Task prompt
With the pictures left out, print exactly the lines below that run from the one containing "11. Исламабад. Жилая" through the one containing "Un par de personas".

Supplied material
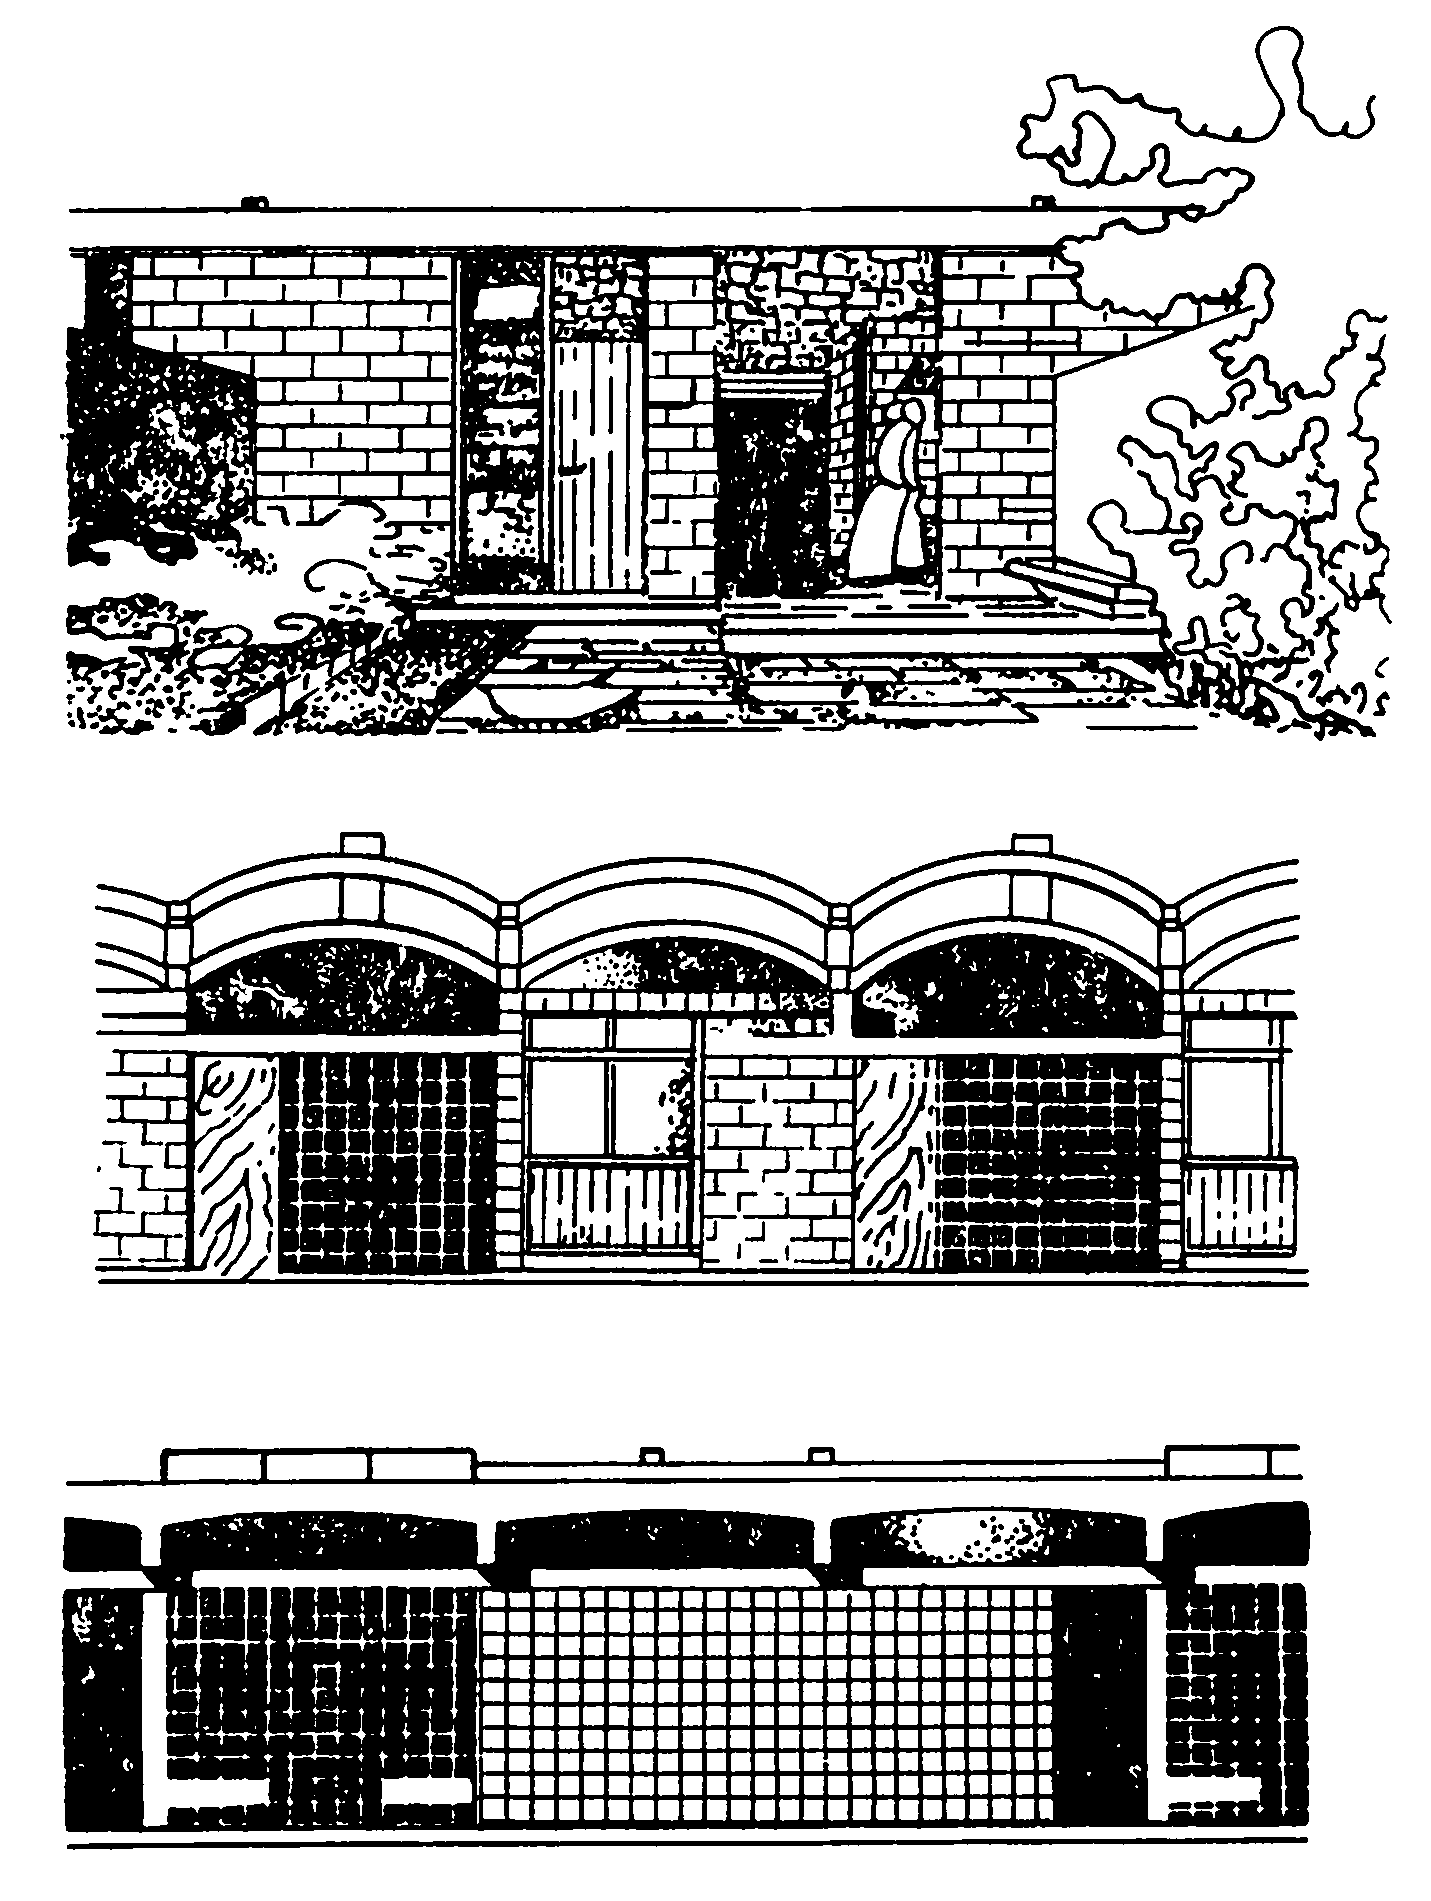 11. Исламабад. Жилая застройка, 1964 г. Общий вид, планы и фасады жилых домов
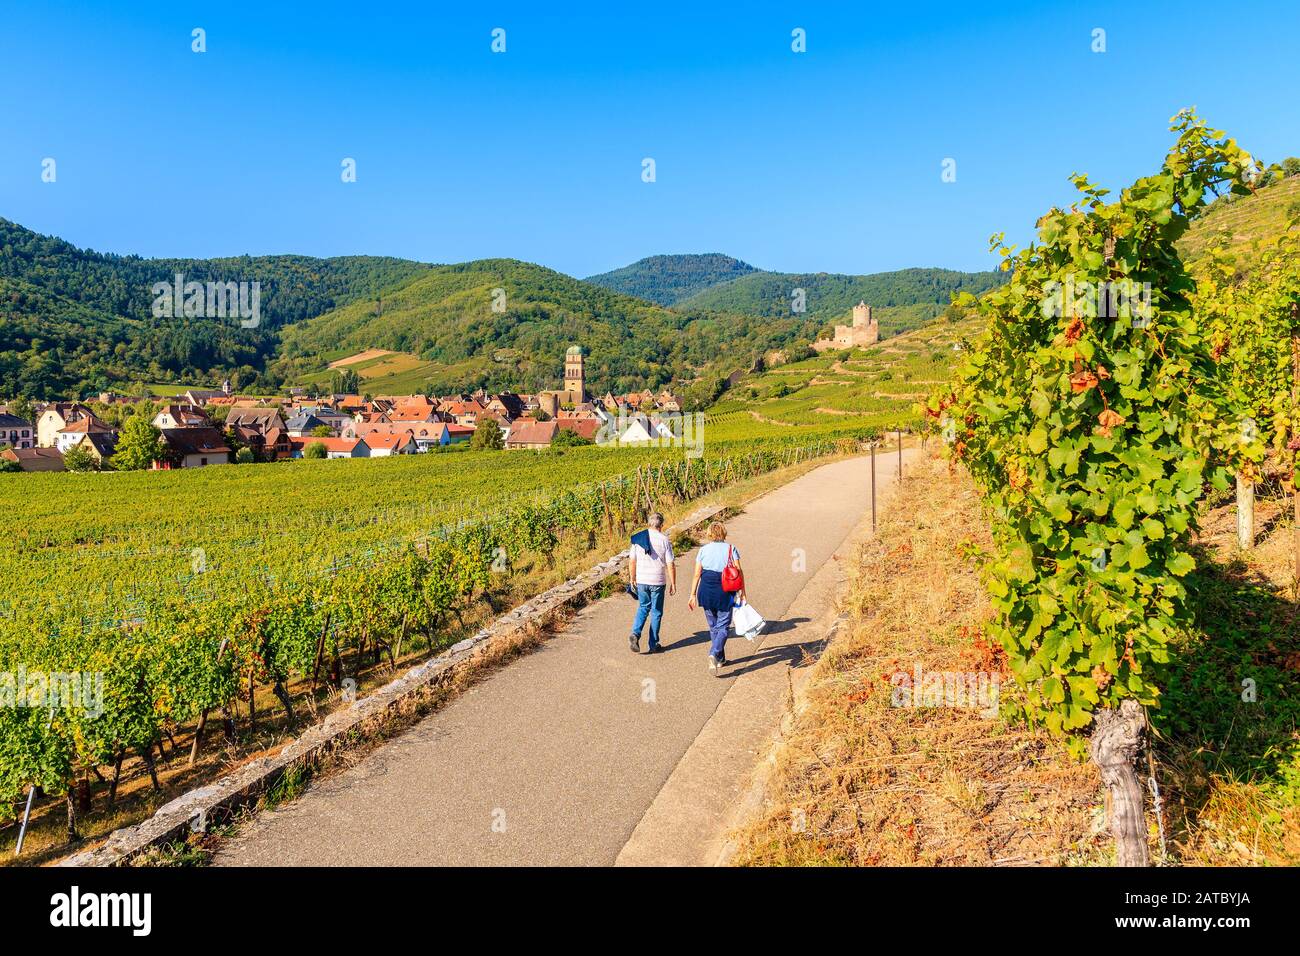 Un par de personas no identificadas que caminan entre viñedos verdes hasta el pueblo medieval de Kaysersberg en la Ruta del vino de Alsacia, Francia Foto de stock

* * *

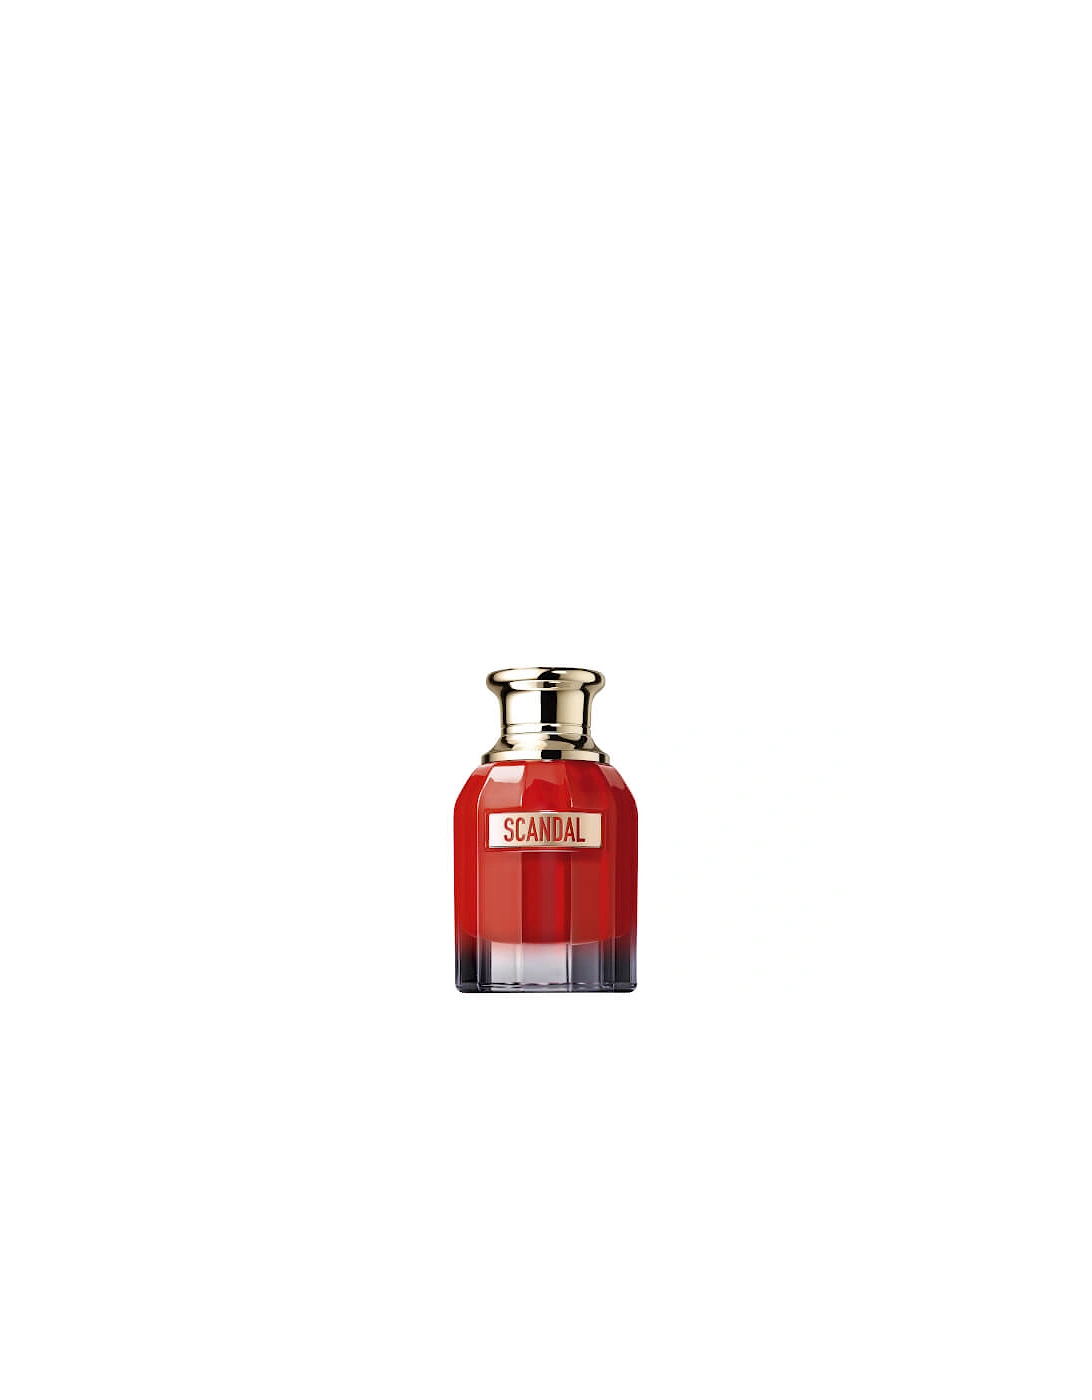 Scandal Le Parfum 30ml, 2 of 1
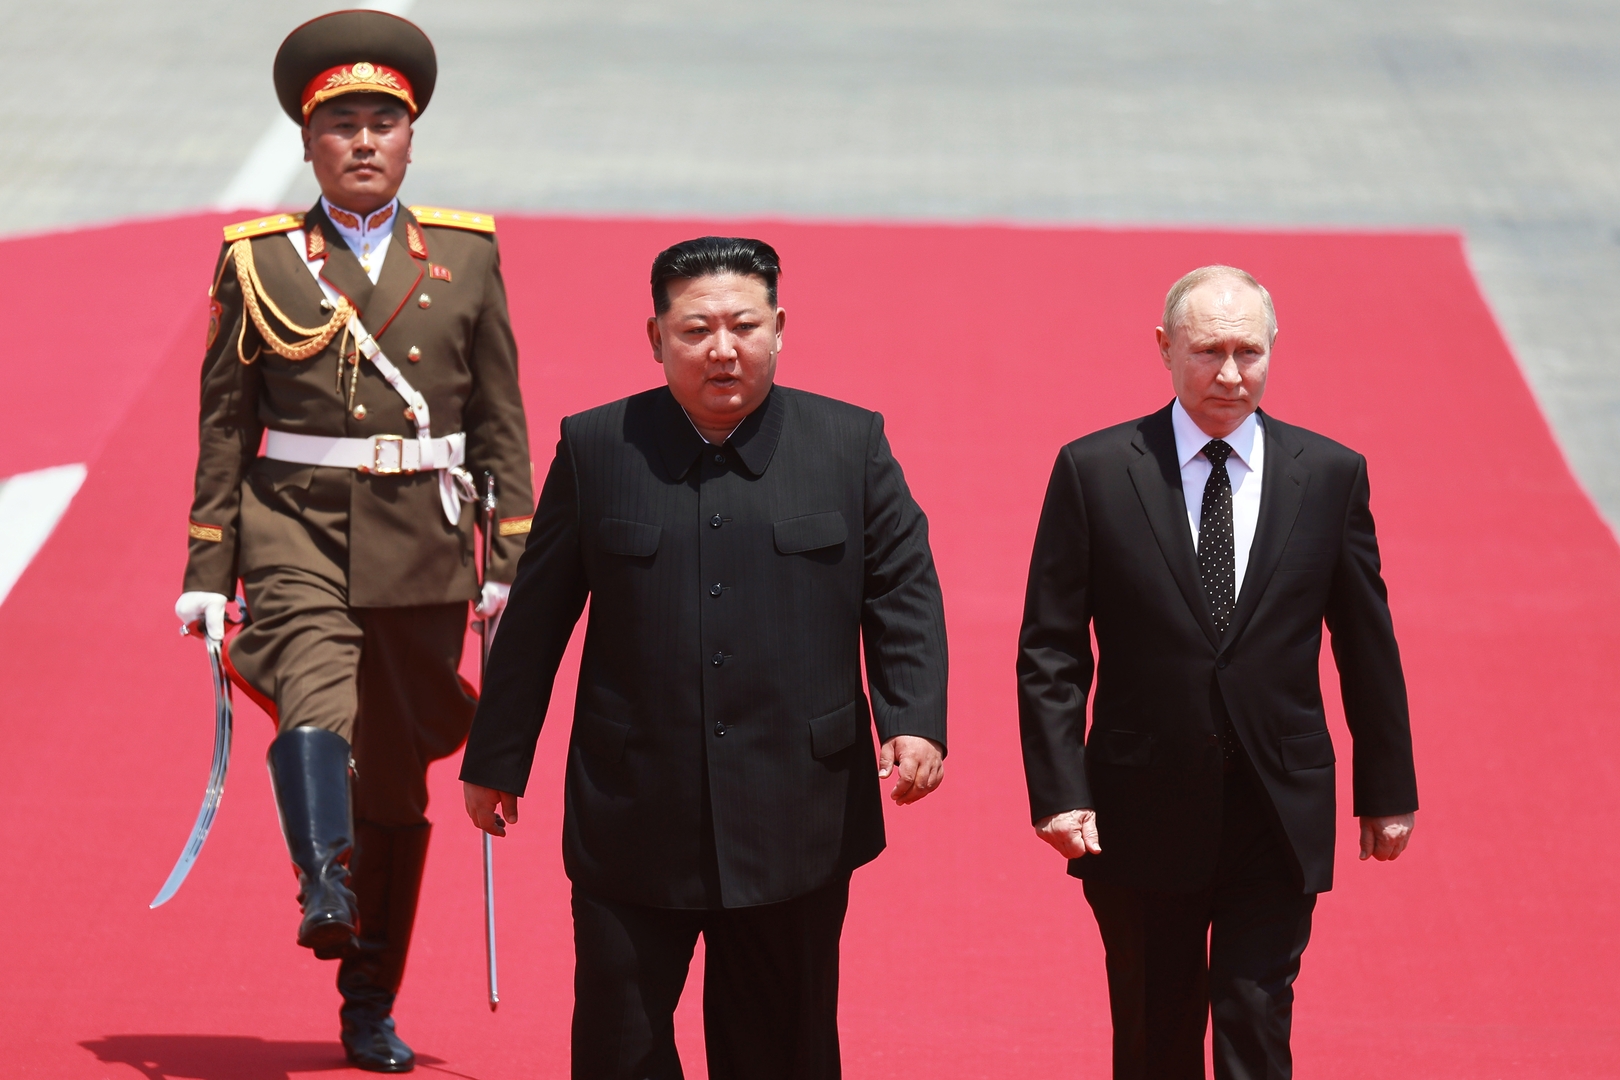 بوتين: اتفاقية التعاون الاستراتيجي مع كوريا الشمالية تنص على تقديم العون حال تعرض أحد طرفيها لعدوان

...

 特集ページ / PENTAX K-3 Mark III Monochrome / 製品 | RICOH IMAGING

Answer to this problem
 11. Исламабад. Жилая застройка, 1964 г. Общий вид, планы и фасады жилых домов
 Un par de personas no identificadas que caminan entre viñedos verdes hasta el pueblo medieval de Kaysersberg en la Ruta del vino de Alsacia, Francia Foto de stock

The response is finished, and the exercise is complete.